License: MIT Python FastAPI React LangGraph

A natural-language interface for a team Kanban board. Users type requests in plain English ("create a task to fix the login bug and assign it to Priya"), and a LangGraph state machine classifies the intent, extracts the relevant entities, and drives the corresponding Kanban action while enforcing role-based access control. It is backed by a FastAPI service, a Supabase (Postgres) database, and a React + shadcn/ui frontend.

What it does

  • Turns free-form chat messages into structured Kanban operations: create, update, move, assign, and delete tasks and projects, plus read-only information queries.
  • Classifies each message into an intent (for example CREATE_TASK, MOVE_TASK, ASSIGN_TASK, QUERY_INFORMATION) and extracts entities such as task titles, assignees, and status.
  • Asks follow-up questions when a request is missing required fields before it commits an action.
  • Separates conversation flows into talking to your own agent, routing a request to another user's agent, and query-only lookups.
  • Supports admin and member logins with company-level (multi-tenant) isolation so users only see data belonging to their own company.

Architecture and approach

The core of the backend is a LangGraph StateGraph that models the conversation as an explicit state machine. Each incoming message flows through the graph:

  1. Intent classification node. An LLM-backed classifier (intent_classifier.py, using langchain-openai with gpt-4o-mini) determines the intent and extracts structured entities.
  2. Conditional routing. Based on the classified flow type (OWN_AGENT, OTHER_AGENT, QUERY_ONLY) the graph routes to the matching node.
  3. Follow-up node. If required fields are missing, the graph pauses and asks the user for the missing information.
  4. Kanban integration node. Completed, validated intents are translated into Kanban operations against Supabase (kanban_integration.py, kanban_service.py).
  5. Response generation node. A natural-language reply is generated and returned to the client.

Conversation state, classified intents, and Kanban updates are persisted to Supabase, which also enables conversation continuity across turns and vector-similarity lookups over prior messages (see database_migrations/add_vector_search_function.sql).
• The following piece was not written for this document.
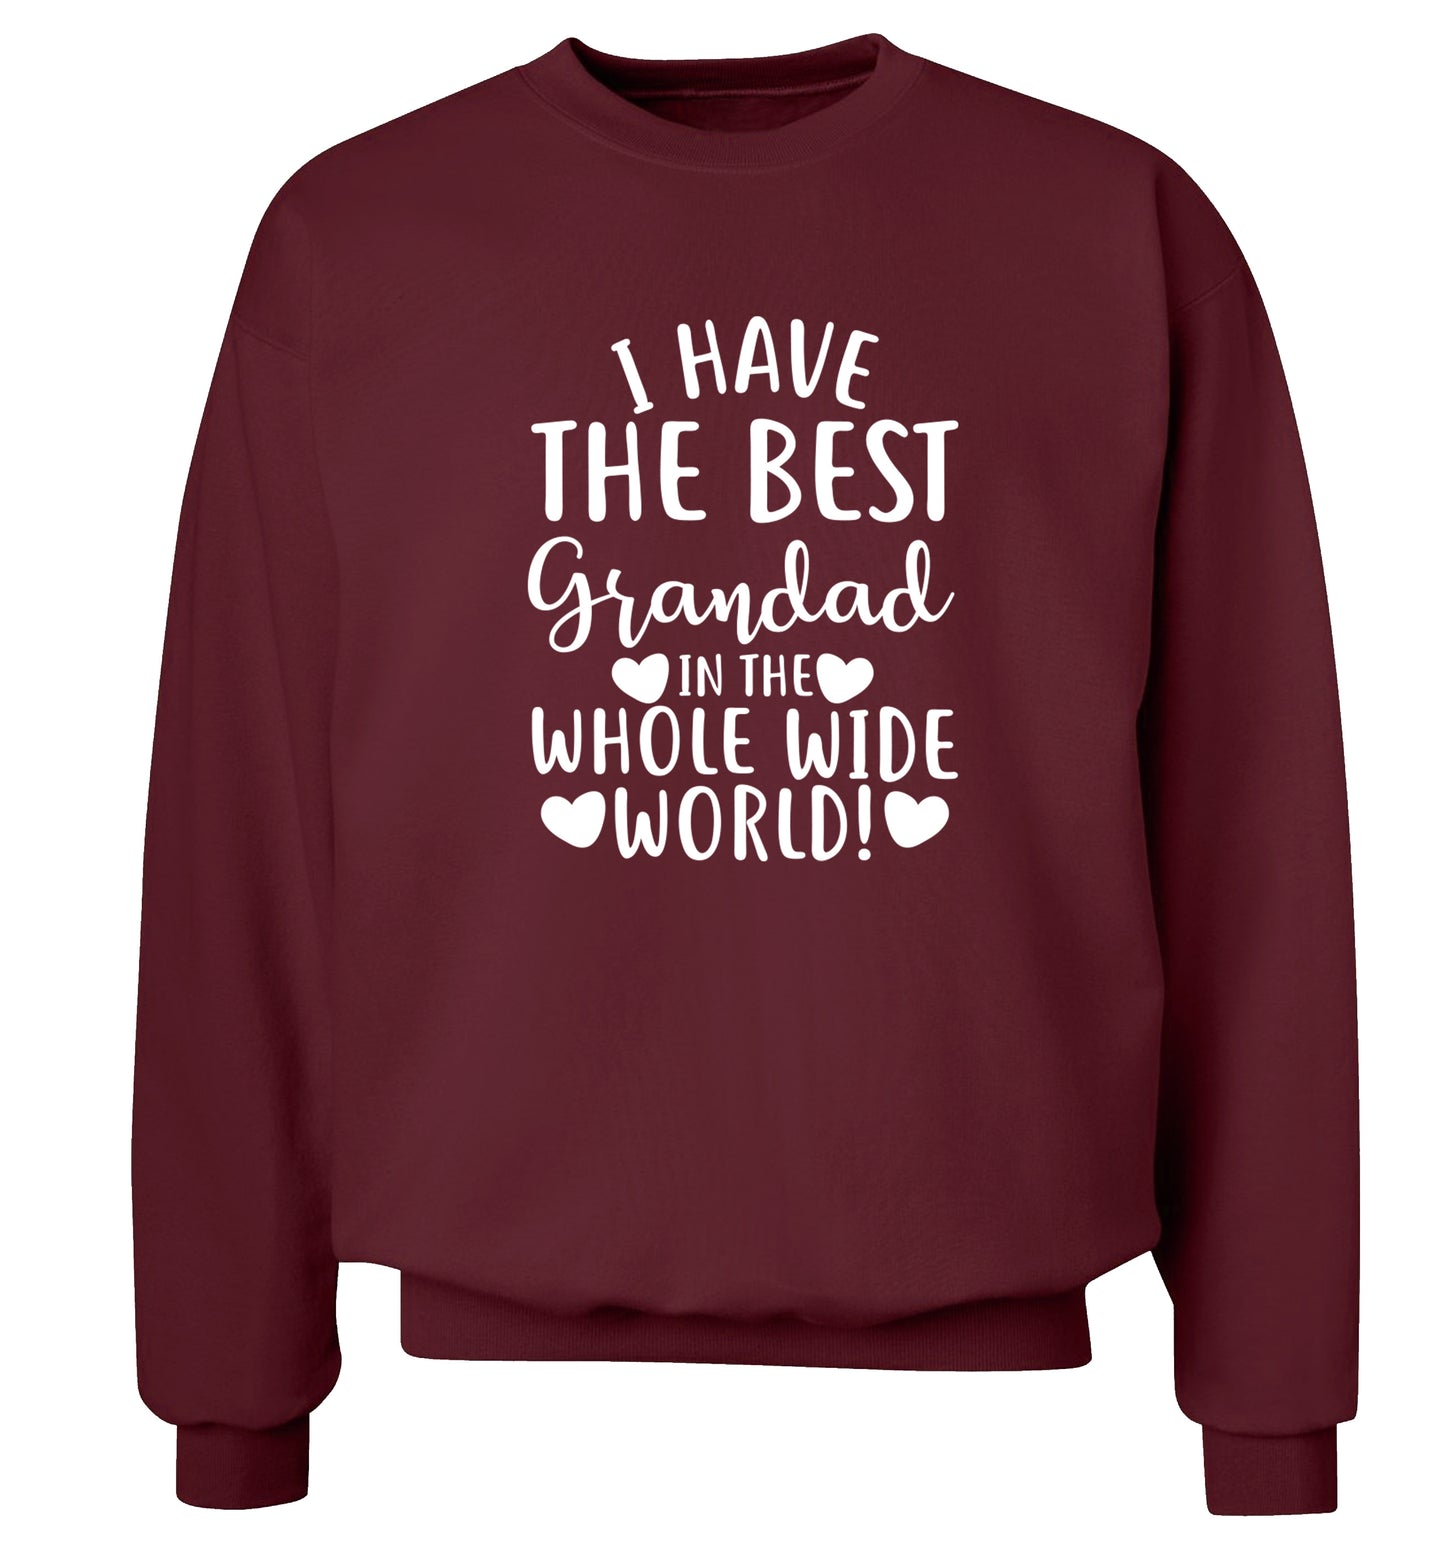 I have the best grandad in the whole wide world! Adult's unisex maroon Sweater 2XL

React + shadcn/ui frontend
        |  REST (axios)
        v
FastAPI  (backend/main.py, ~39 endpoints)
        |
LangGraph state machine (backend/langgraph_service_complete.py)
   intent classification -> routing -> follow-up -> kanban action -> response
        |
Supabase / Postgres  (auth data, tasks, projects, conversation flows, messages)
        ^
OpenAI API (gpt-4o-mini) for classification and responses

A more detailed design write-up lives in backend/LANGGRAPH_ARCHITECTURE.md.

Tech stack

  • Backend: Python, FastAPI, Uvicorn, LangGraph, LangChain, langchain-openai, Pydantic, supabase-py.
  • LLM: OpenAI gpt-4o-mini for intent classification and response generation.
  • Database: Supabase (PostgreSQL), with SQL migrations under database_migrations/ and backend/langgraph_schema.sql.
  • Frontend: React 18, TypeScript, Vite, shadcn/ui (Radix UI), Tailwind CSS, TanStack Query, axios.

Repository layout

backend/               FastAPI app, LangGraph service, intent classifier, Kanban integration
backend/*.sql          Database schema for LangGraph tables
database_migrations/   Incremental SQL migrations
frontend/              React + Vite + shadcn/ui client

Setup and run

Prerequisites

  • Python 3.11+
  • Node.js 18+
  • A Supabase project and an OpenAI API key

1. Database

Create a Supabase project, then apply the SQL in backend/langgraph_schema.sql and the files in database_migrations/ using the Supabase SQL editor or psql.

2. Backend

cd backend
python -m venv venv
source venv/bin/activate        # on Windows: venv\Scripts\activate
pip install -r requirements.txt

cp .env.example .env            # then fill in your own keys
python main.py                  # serves on http://localhost:8000

backend/.env must define SUPABASE_URL, SUPABASE_ANON_KEY, and OPENAI_API_KEY. See backend/.env.example.

3. Frontend

cd frontend
npm install
cp .env.example .env            # then fill in your own values
npm run dev                     # Vite dev server

frontend/.env must define VITE_SUPABASE_URL, VITE_SUPABASE_ANON_KEY, and VITE_API_BASE_URL (the backend URL, default http://localhost:8000). See frontend/.env.example.

Scope and limitations

This is a proof-of-concept and personal project, not production-hardened software. Known limitations, kept here honestly rather than hidden:

  • Authentication uses SHA-256 password hashing with a salt. This is not a slow password-hashing function; a production system should use bcrypt, scrypt, or Argon2.
  • The backend CORS policy is currently allow_origins=["*"], which is convenient for local development but too permissive for production. Restrict it to known origins before deploying.
  • The Supabase anon key is a public, client-side key by design. Data protection therefore depends on Supabase Row Level Security policies being configured correctly; do not rely on the frontend alone for authorization.
  • Multi-tenant isolation is enforced in application code by passing company_id/user_id through the endpoints. It has not been formally audited.
  • No automated test suite is included, and the project has not been load-tested.
  • Secrets must be supplied via environment variables. No real credentials are committed; use the provided .env.example files.

License

Released under the MIT License. Copyright (c) 2025 Tanmay Bisen.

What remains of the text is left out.